Si darà vita inoltre al convegno sull’arte e la personalità del musicista, « “Tender
Warrior”: l’eredità musicale di Eric Dolphy a 40 anni dalla morte ». Vi prenderanno parte
musicisti, studiosi, giornalisti e organizzatori provenienti da tutto il mondo. Il musicista,
giornalista e scrittore americano Mike Zwerin ha collaborato con Dolphy nell’ambito
dell’Orchestra USA, una pionieristica iniziativa che presentava concerti di musica
contemporanea e di jazz; l’intervento di Zwerin sarà centrato su questa esperienza diretta di
lavoro comune. Alan Saul gestisce il sito web più ricco e documentato su Dolphy, e
riassumerà le conoscenze sulle registrazioni audio e video della sua musica, presentando
anche filmati rari o inediti; Graham Connah, pianista californiano che si è in particolare
dedicato alla musica di Dolphy presentandola in concerto con il suo gruppo, esaminerà
analiticamente l’importanza delle sue composizioni; Gérard Rouy, giornalista e fotografo
francese, ha appositamente raccolto una serie di testimonianze di musicisti di jazz
contemporanei sull’impatto che ha su di loro avuto la musica di Dolphy; Paul Karting,
l’organizzatore della tournée olandese del 1964 durante la quale Dolphy incise “Last Date”

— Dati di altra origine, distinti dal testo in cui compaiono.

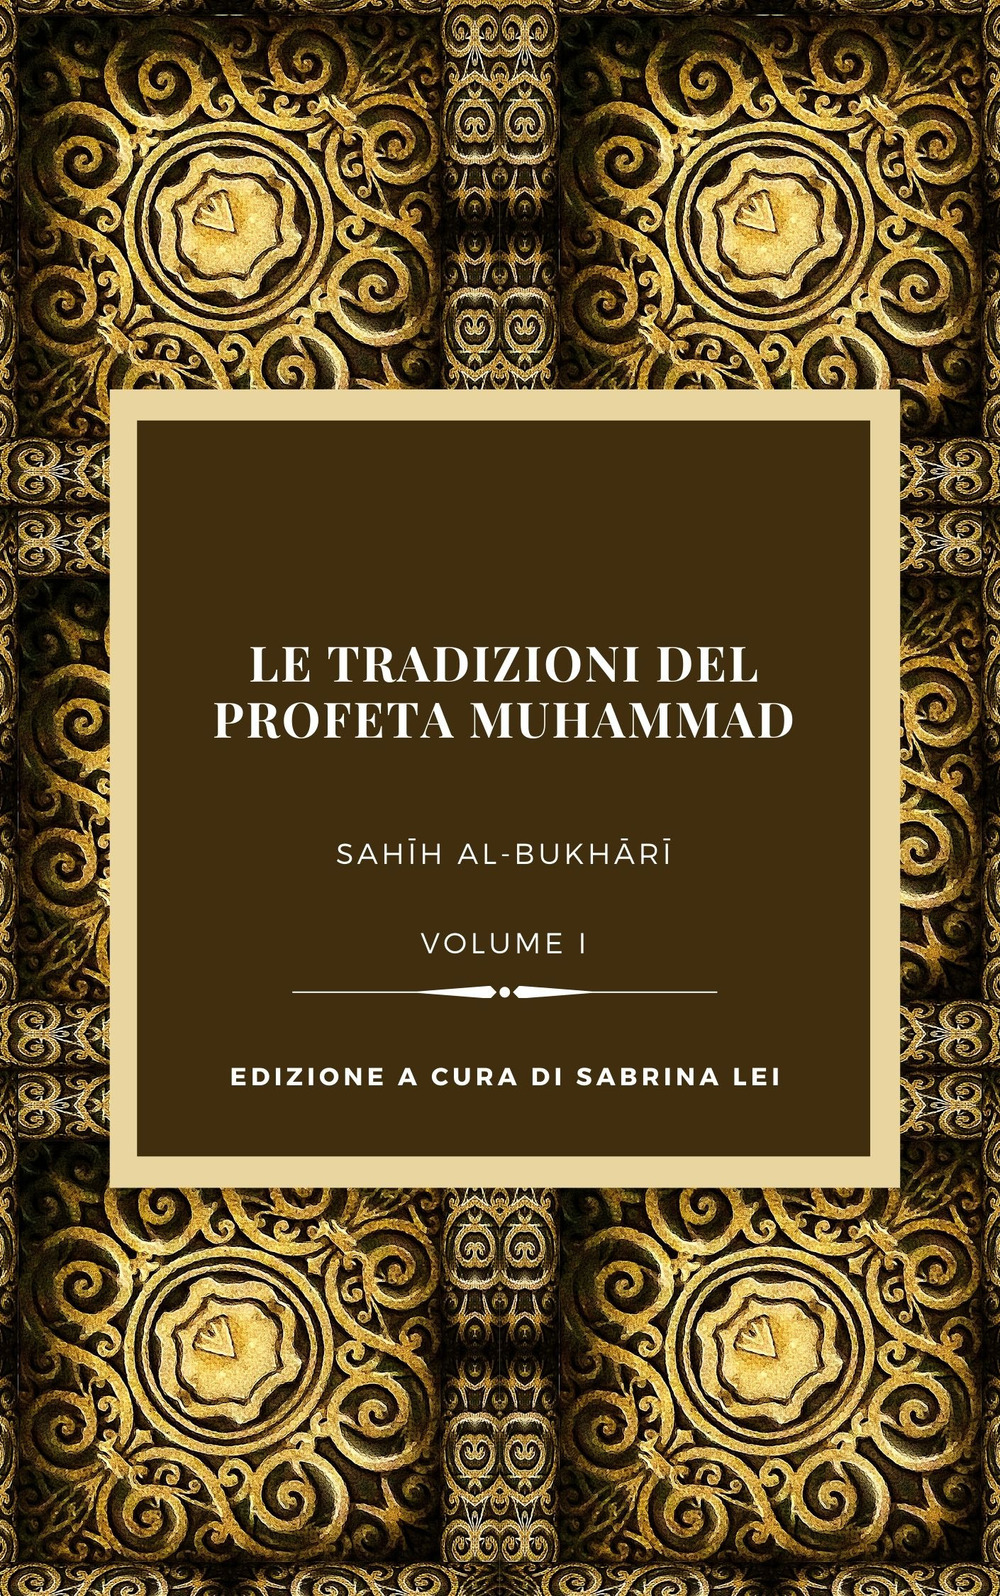 Le tradizioni del Profeta Muhammad. Sahih al-Bukhari. Vol. 1

presenterà informazioni complete su quel periodo, e al convegno interverranno anche Misha
Mengelberg e Han Bennink, che con Dolphy suonarono in quiell’occasione. Infine il
giornalista italiano Claudio Sessa, che ha dedicato specifica attenzione a Dolphy in una
serie di articoli su Musica Jazz, dedicherà il suo intervento all’influenza di Dolphy sulle
avanguardie della musica afroamericana, da Albert Ayler ai musicisti dell’AACM.
L’incontro sarà concluso da una tavola rotonda di sintesi tra tutti gli i relatori coordinata da
Francesco Martinelli, cui il Festival ha affidato la realizzazione dell’iniziativa.